Posted at 3:16 pm March 18, 2018
By John Huotari Leave a Comment

The installation of the Summit supercomputer continues at Oak Ridge National Laboratory on Jan. 23, 2018, with the Oak Ridge Leadership Computing Facility and IBM teams receiving and installing compute nodes. Summit will come online in late 2018 for early science, and will be available to users in January 2019. (Image credit: Jason Richards/ORNL. Used under Creative Commons license)

The installation of the Summit supercomputer continues at Oak Ridge National Laboratory on Jan. 23, 2018, with the Oak Ridge Leadership Computing Facility and IBM teams receiving and installing compute nodes. Summit will come online in late 2018 for early science, and will be available to users in January 2019. (Image credit: Jason Richards/ORNL. Used under Creative Commons license)

 

The supercomputer being built at Oak Ridge National Laboratory could change the race for supercomputing supremacy between the United States and China, U.S. Representative Chuck Fleischmann said during a budget hearing on Thursday.

The congressman said Summit, a 200-petaflop supercomputer at ORNL, will be commissioned this summer, and it will be the fastest supercomputer in the world, with twice the power of the top Chinese system. The Chinese machine is a 93-petaflop system known as Sunway TaihuLight.

During Thursday’s budget hearing, which featured Energy Secretary Rick Perry, Fleischmann said the United States and China are in a race for supercomputing supremacy. The race is critical to advances in science and technology that will drive economic growth, said Fleischmann, a Republican whose district includes Oak Ridge.

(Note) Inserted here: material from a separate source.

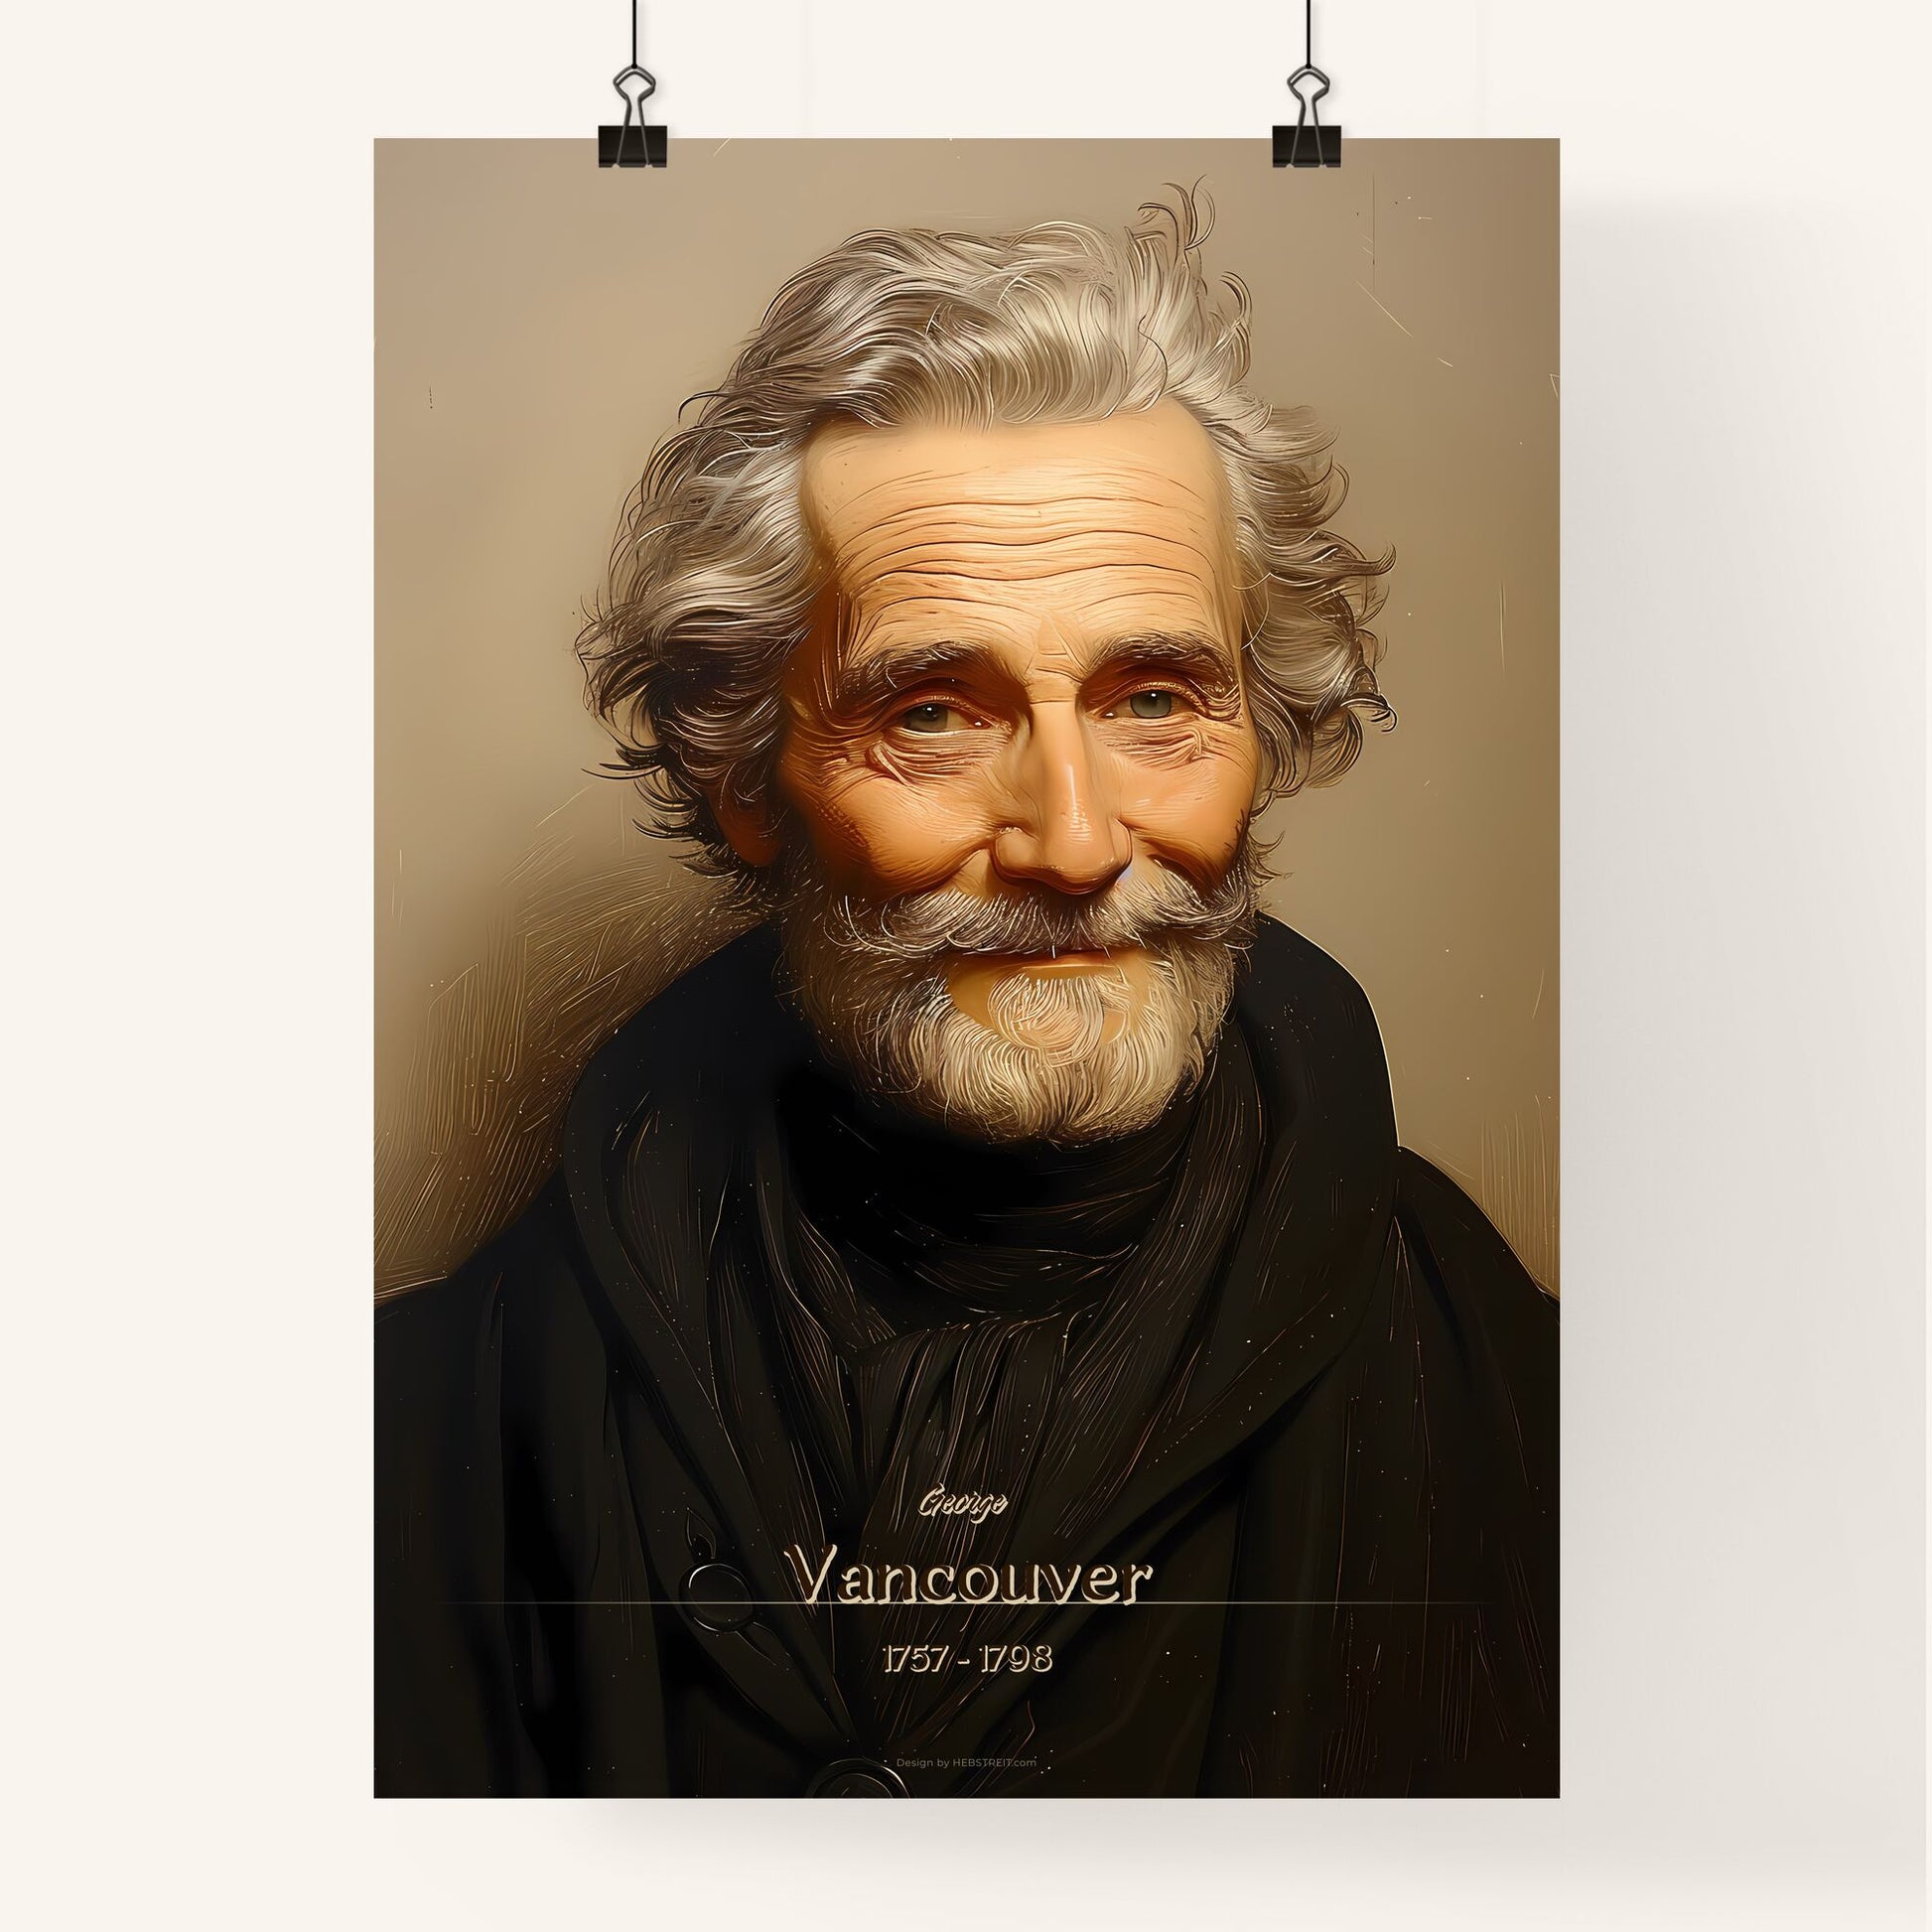 George, Vancouver, 1757 - 1798, A Poster of a man with a beard and mustache Default Title

Citing a February 9 edition of Science magazine, Fleischmann said the U.S. dominated supercomputer rankings for decades but is now far behind. The combined power of the top two machines in China easily outpaces all 21 supercomputers operated by the U.S. Department of Energy, the country’s top funder of supercomputers, the congressman said.

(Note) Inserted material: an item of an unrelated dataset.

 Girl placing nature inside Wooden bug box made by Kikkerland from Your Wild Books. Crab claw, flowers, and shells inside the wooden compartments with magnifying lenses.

But that could change with the commissioning of Summit this summer, Fleischmann said.

Chuck Fleischmann

Chuck Fleischmann

It’s a critical next step on the U.S. path to exascale computing, which will feature systems that are 1,000 times more powerful than the top supercomputers today, Fleischmann said.

He said the United States has a research and development plan to develop and deploy an exascale system by 2021, including a machine called Frontier at ORNL.

China or Japan are expected to deploy their own systems at about the same time, Fleischmann said, so the United States needs to deploy its exascale system by 2021 to beat those two countries or remain competitive.

Perry said DOE’s budget request for fiscal year 2019 includes $636 million for exascale computing, with $473 million in funding for the DOE Office of Science (ORNL is an Office of Science lab) and $163 million for the National Nuclear Security Administration. That’s a proposed increase of $376 million above the spending level that was enacted in fiscal year 2017.

The budget request would fund the “research, development, and design at the Argonne National Laboratory and Oak Ridge National Laboratory with expected deployment of an exascale‐capable computing system in 2021 with a second system with a different architecture in 2022,” the U.S. Department of Energy said in a budget brief posted online. “This Science/NNSA partnership will bolster America’s national security by supporting the nuclear stockpile while supporting the next generation of science breakthroughs not possible with today’s fastest computing systems.”

Energy Secretary Rick Perry, left, talks to reporters after touring Oak Ridge National Laboratory's Manufacturing Demonstration Facility on Hardin Valley Road on Monday, May 22, 2017. Also pictured is U.S. Senator Lamar Alexander, center, a Tennessee Republican, and ORNL Director Thom Mason. (Photo by John Huotari/Oak Ridge Today)

Energy Secretary Rick Perry, left, talks to reporters after touring Oak Ridge National Laboratory’s Manufacturing Demonstration Facility on Hardin Valley Road on Monday, May 22, 2017. Also pictured is U.S. Senator Lamar Alexander, center, a Tennessee Republican, and former ORNL Director Thom Mason. (File photo by John Huotari/Oak Ridge Today)

 

Answering questions about the fiscal year 2019 budget request on Thursday, Perry told the House Energy and Water Development Subcommittee that, in June, he had announced $258 million in funding over three years for six leading U.S. technology companies. Those awards will develop and accelerate critical computing hardware, Perry said, and help put the United States back in its “rightful place.” It’s important to national security, and it’s not just a DOE initiative, he said.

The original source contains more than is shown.